RECORDED INFORMATION:
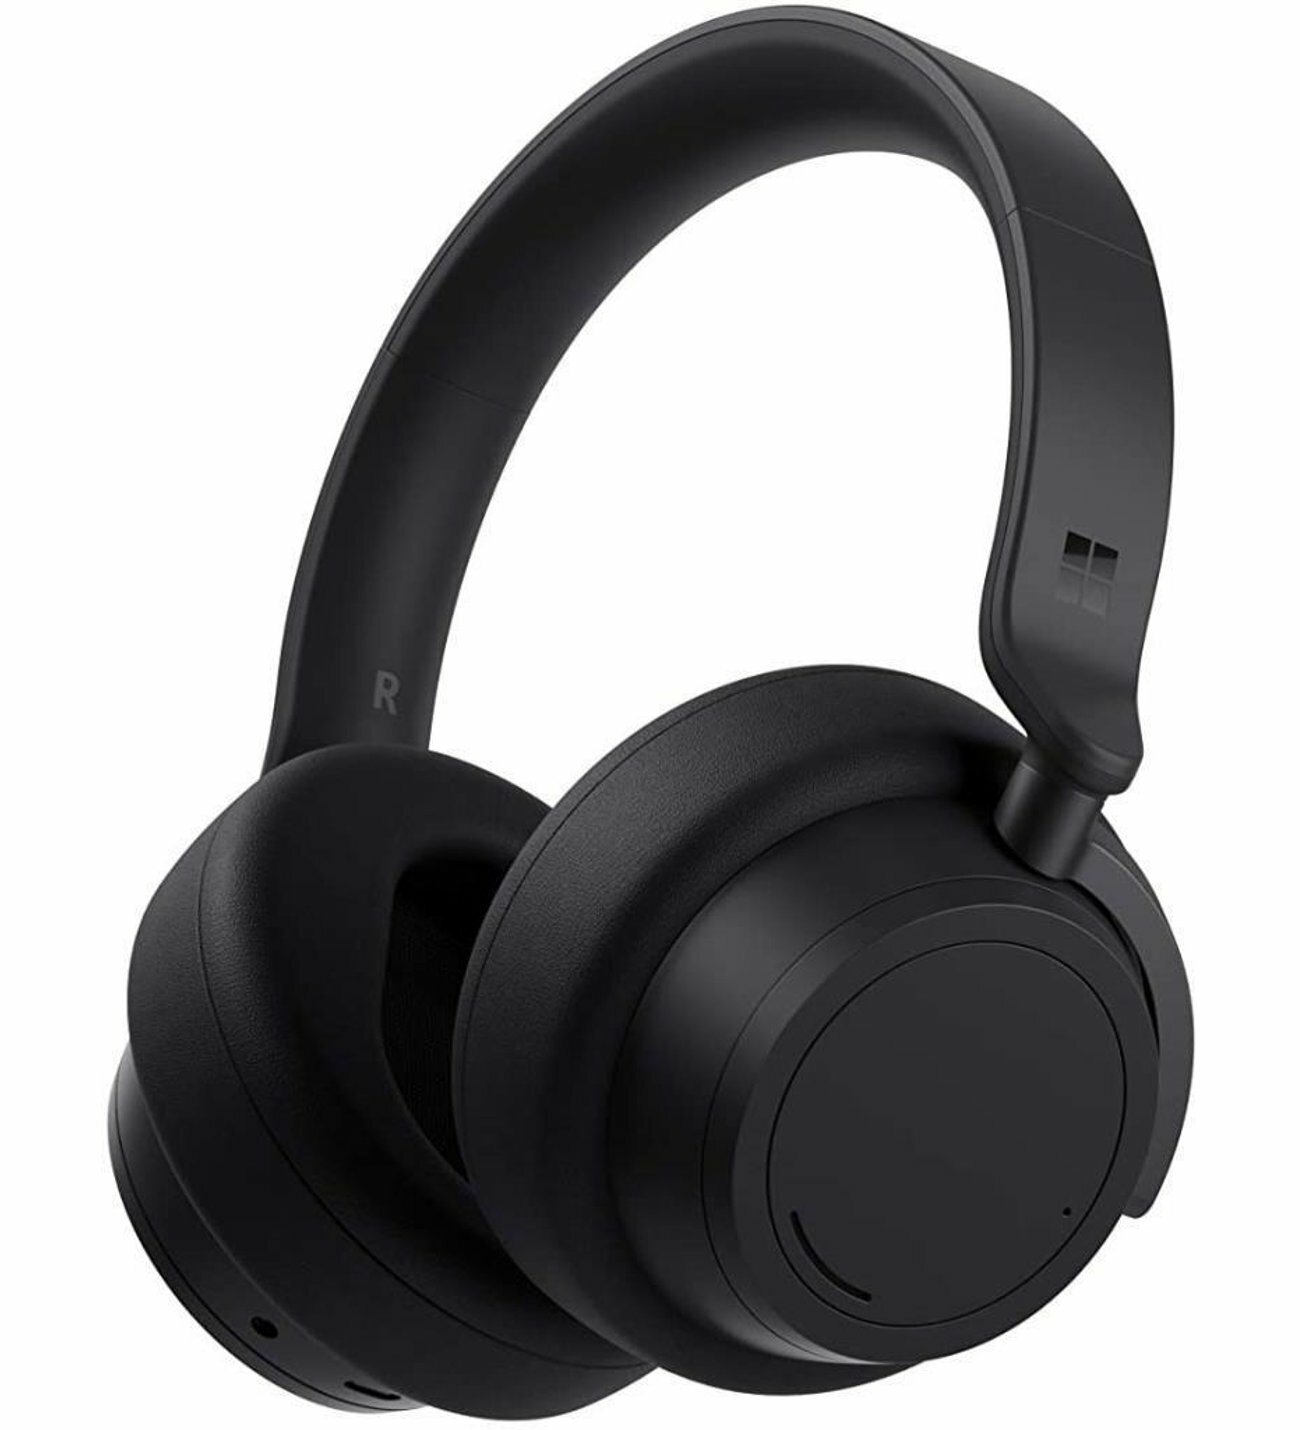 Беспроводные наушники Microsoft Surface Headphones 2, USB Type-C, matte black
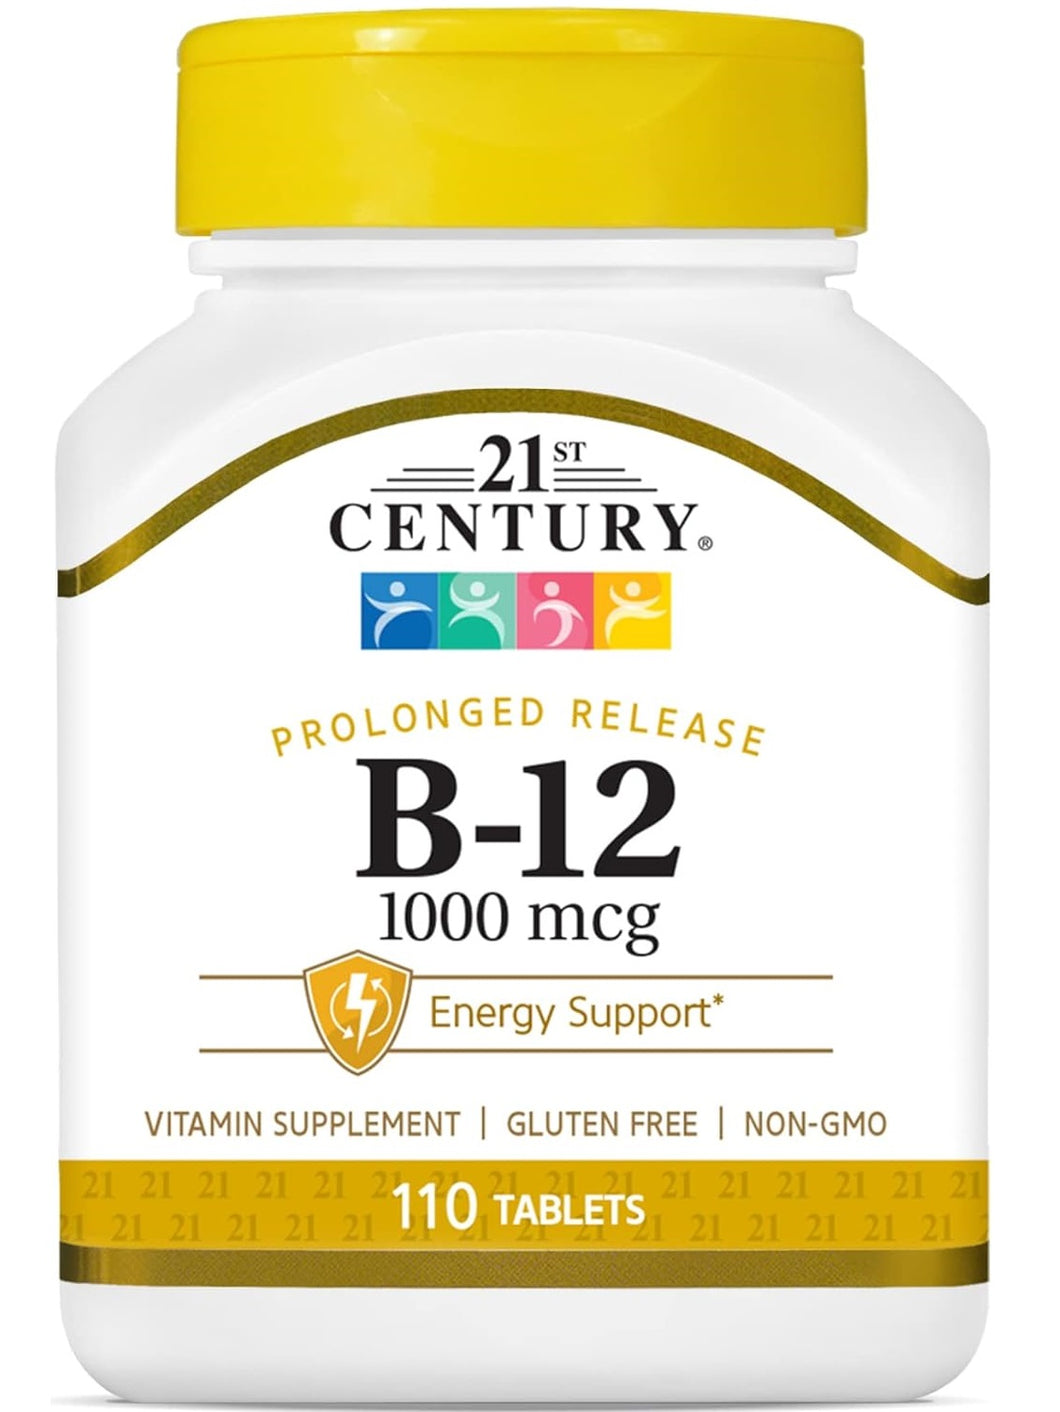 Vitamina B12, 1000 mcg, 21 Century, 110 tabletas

--

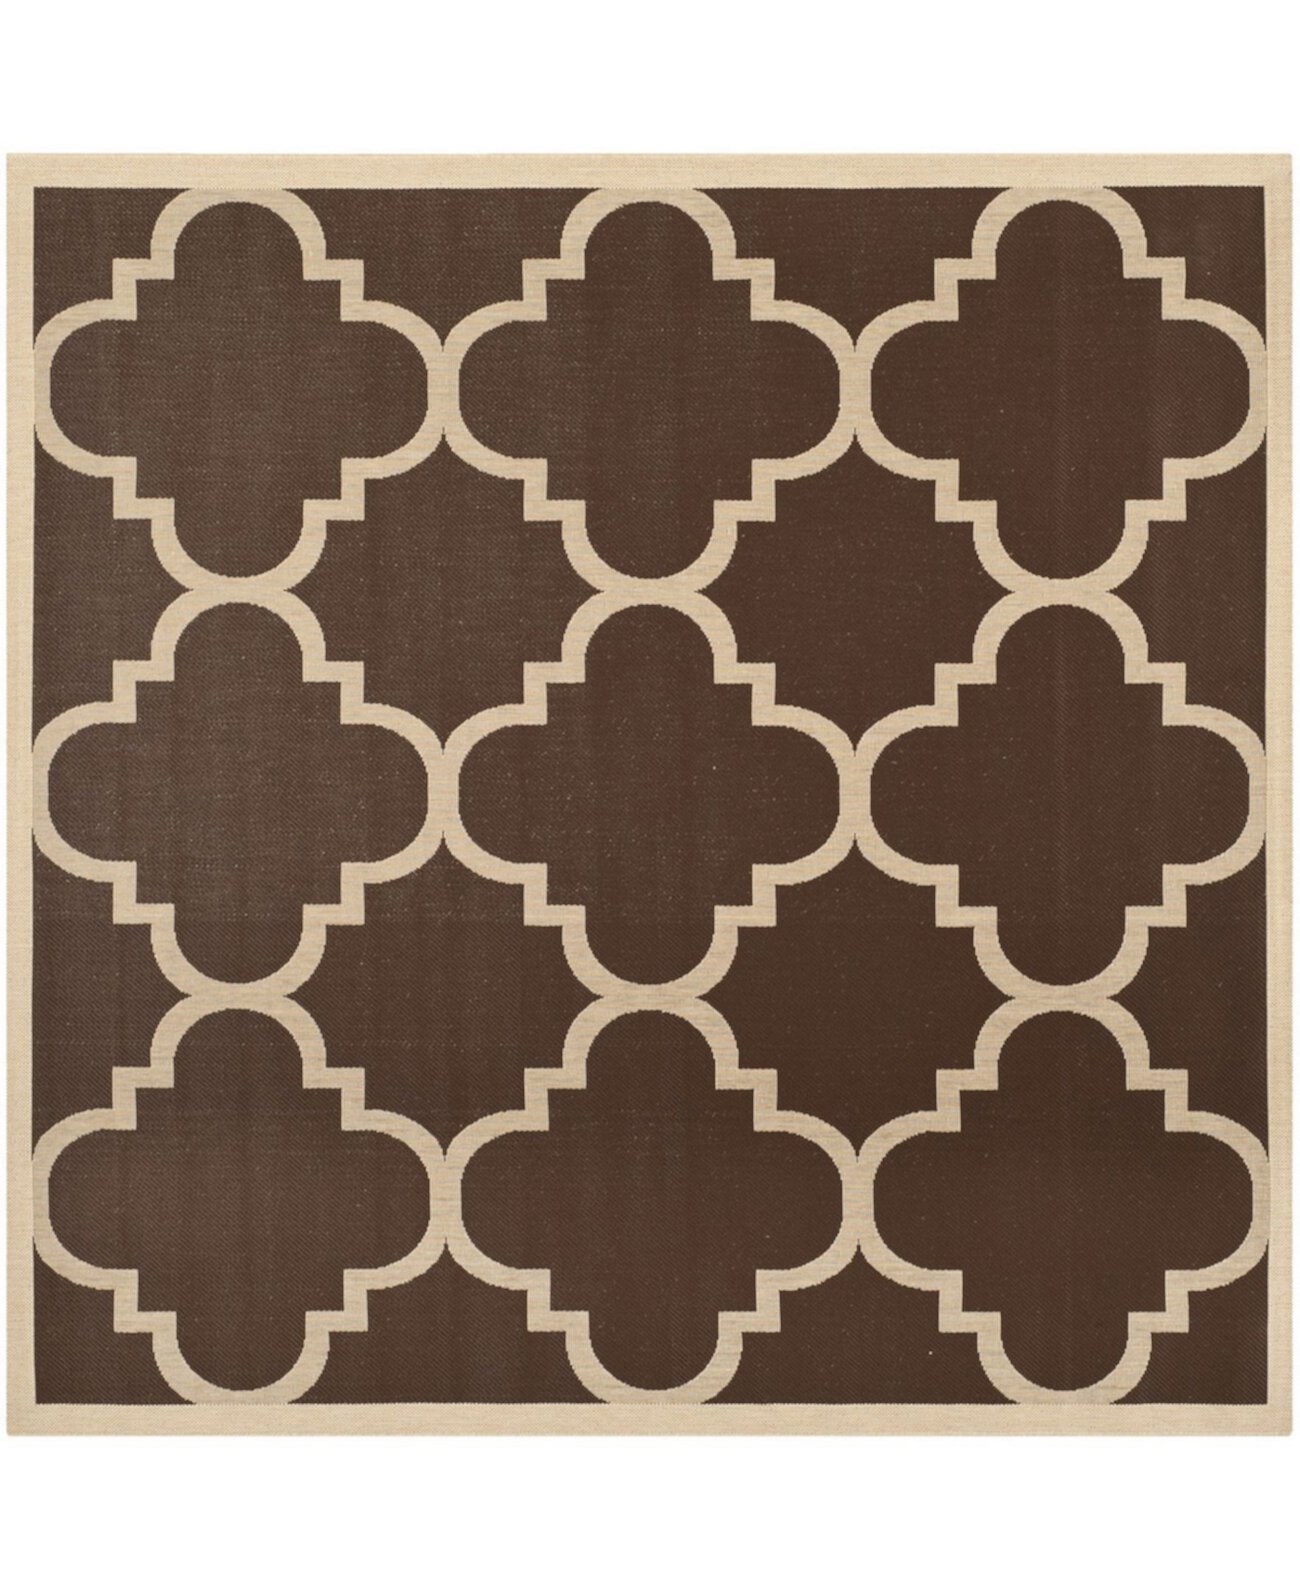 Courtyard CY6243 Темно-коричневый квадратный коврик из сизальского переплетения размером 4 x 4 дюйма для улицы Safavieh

PROBLEM:
A verbatim reproduction is expected: starting at the line above that has "Беспроводные наушники Microsoft", ending at the line that has "Vitamina B12, 1000", both included, and with no pictures and no other lines.

SOLUTION TO THIS PROBLEM:
 Беспроводные наушники Microsoft Surface Headphones 2, USB Type-C, matte black
 Vitamina B12, 1000 mcg, 21 Century, 110 tabletas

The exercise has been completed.